Cleveland Map
Cleveland, Ohio. From the Tiger Mapping Service.

Cutler/Glaeser/Vigdor Segregation Data:
User's Guide

Table of Contents

  1. How Segregation Is Measured
  2. Area Definitions
  3. Sample Selection Criteria
  4. Supplementary Variable Definitions
  5. Citing This Work
  6. References

How Segregation Is Measured

Segregation is the physical separation of members of one racial, ethnic, social, or economic group from members of another group. This dataset measures the segregation of blacks from non-blacks.

No single summary measure can fully characterize segregation, but several indices attempt to capture important aspects. All segregation indices require a city or similar area to be divided up into smaller geographic subunits. The racial composition of these subunits is then used to derive the various indices. Complete definitions of the indices presented here can be found in Cutler, Glaeser, and Vigdor (1999).

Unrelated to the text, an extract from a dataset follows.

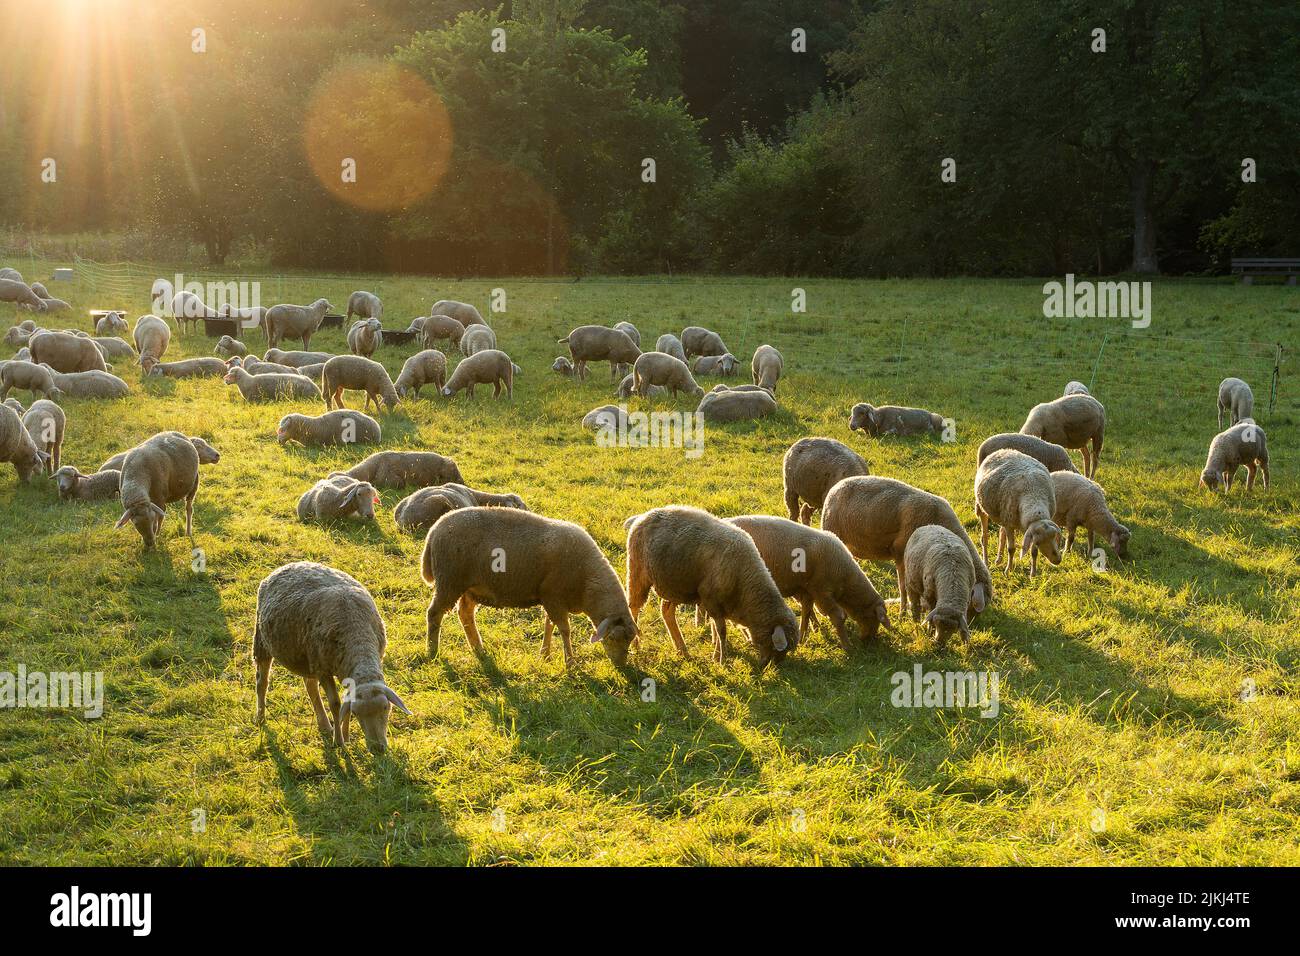 Weimar, Thuringia, park at the river Ilm, flock of sheep in evening light, backlight with light reflections Stock Photo
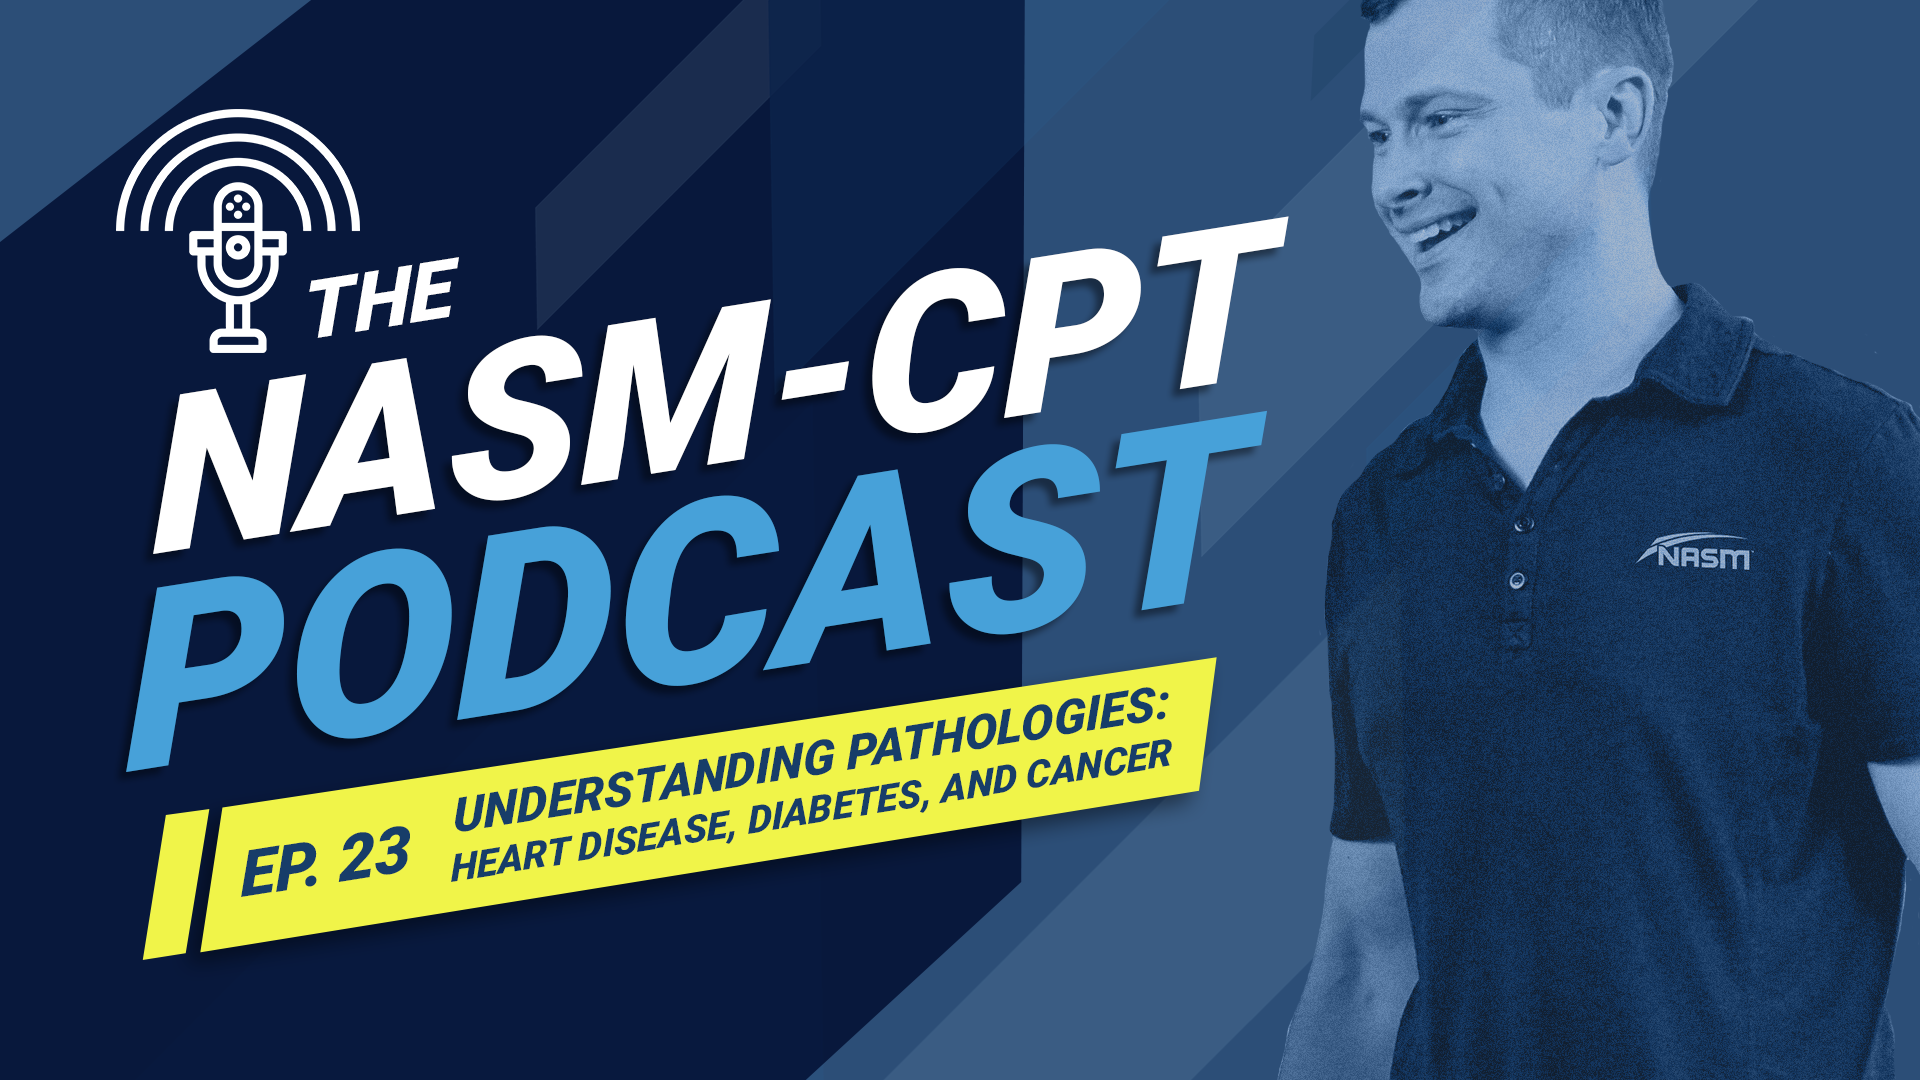 Sportstraining-Weightloss-CPT Podcast EP. 23

For additional discussion of segregation indices, see Massey and Denton (1988).


The Index of Dissimilarity, proposed by Duncan and Duncan (1955) , measures the extent to which blacks and non-blacks inhabit different areas of a city. It ranges between zero and one, and can be interpreted as the fraction of blacks that would have to switch areas to achieve an even racial distribution citywide. Zero indicates perfect integration; one indicates perfect segregation -- i.e. blacks and non-blacks inhabit completely different areas. A value above 0.6 is generally considered high.


Even if blacks are concentrated in certain parts of a city, they may have extensive contact with whites within those areas. The Index of Isolation, calculated with slightly different formulas by Bell (1954) and White (1986), measures the extent of black contact with non-blacks. This index also varies between zero and one, with higher values indicating greater black exposure to other blacks. Values above 0.3 are considered high.


The Index of Clustering, defined by White (1983) measures the extent that black neighborhoods abut one another. In this respect, it overcomes shortcomings of the other indices, since they fail to account for the racial composition of neighborhoods surrounding any one area. Unfortunately, this index requires data on area latitude and longitude that we only have for 1990. The index varies (approximately) between zero and one, with a value of one indicating that all blacks (or non-blacks) live in one large cluster of neighborhoods.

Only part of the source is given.